A) Rangfolge der Parteien, die im Thüringer Landtag vertreten sind, nach der bei der letzten Landtagswahl erreichten Stimmenzahl = 1.) CDU, 2.) Die Linke, 3.) SPD, 4.) FDP, 5.) B'90/Grüne etc.

B) sonstige Parteien und Wählergruppen, die aufgrund eines eigenen Wahlvorschlags im Stadtrat vertreten sind, nach der bei der letzten Wahl erreichten Stimmenzahl = Bürger für Jena,

C) sonstige Parteien und Wählergruppen nach dem Zeitpunkt der Einreichung des Wahlvorschlags; gehen mehrere Wahlvorschläge am selben Tag ein, so ist die alphabetische Reihenfolge des Kennworts maßgebend = ggf. Piraten, AfD, Freie Wähler u.s.w.

Man sieht: viel Bürokratie ist notwendig, wenn man eine eigene Liste aufstellen will, aber die Mühe lohnt sich, denn nur so kann man ggf. als Fraktion in den Stadtrat einziehen.

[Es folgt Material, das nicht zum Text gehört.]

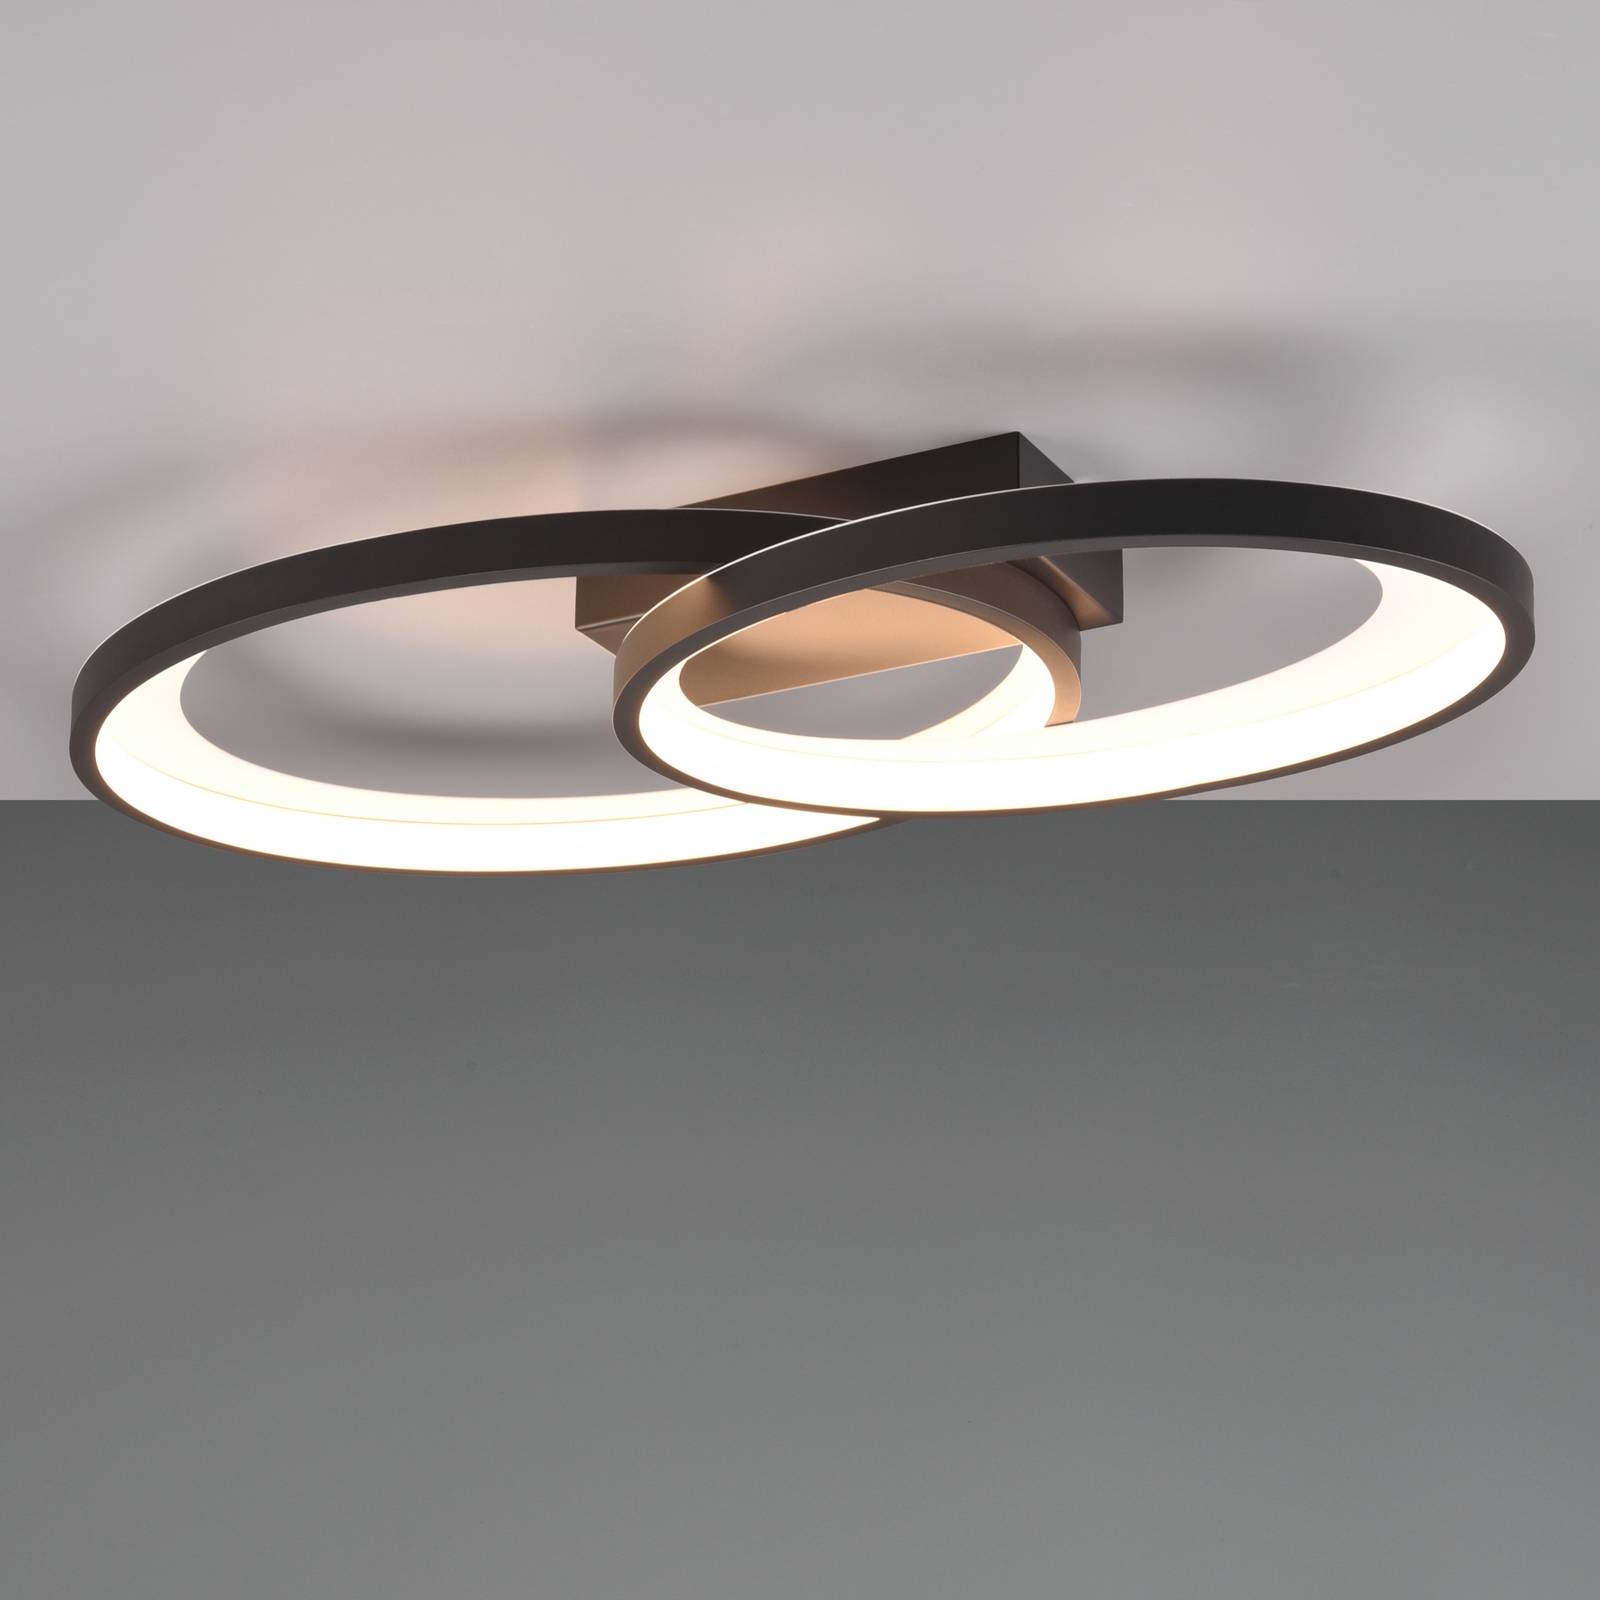 Stropné LED svetlo Malaga s 2 kruhmi, čierna
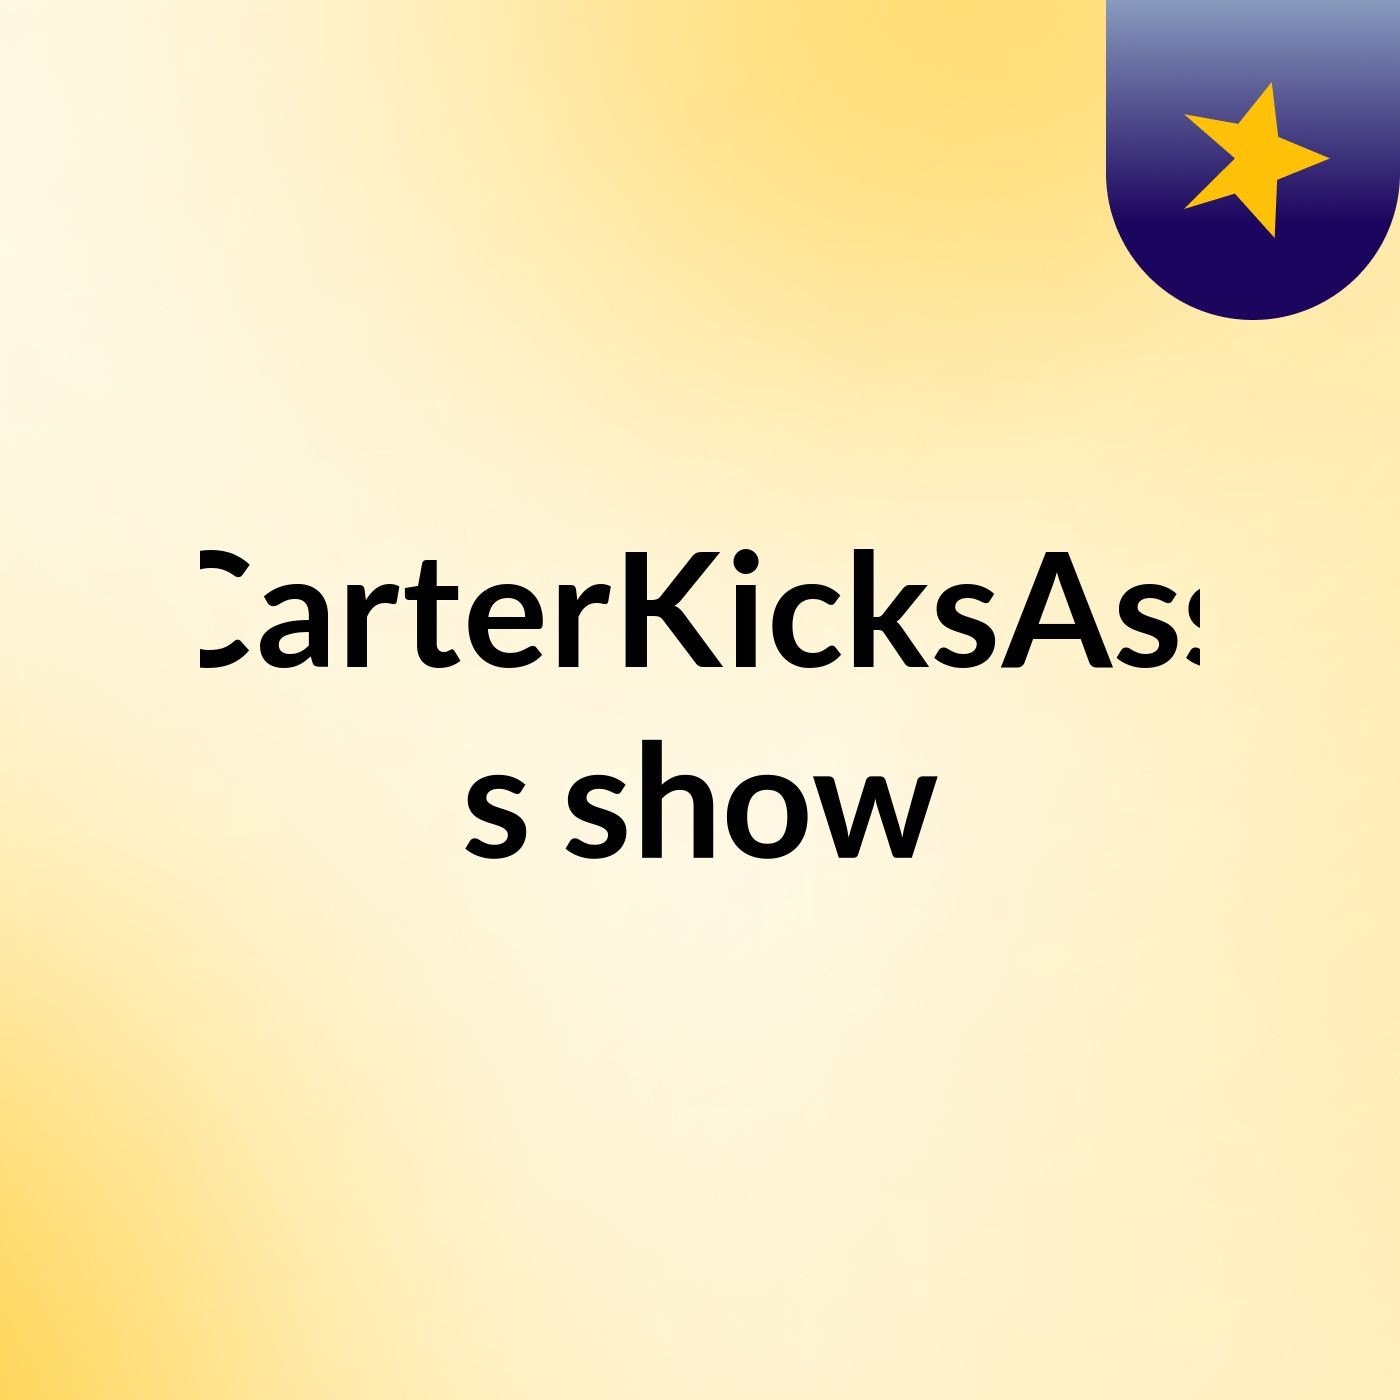 CarterKicksAss's show

Einzelkandidaten können  natürlich ebenfalls in den Stadtrat gewählt werden, haben aber kaum Rechte zur kommunalen Mitwirkung; bei der letzten Kommunalwahl sind in Jena als EInzelkandidaten in den Stadtrat eingezogen: Heike Seise (3.293 Stimmen) und Martin Michel (2.412 Stimmen).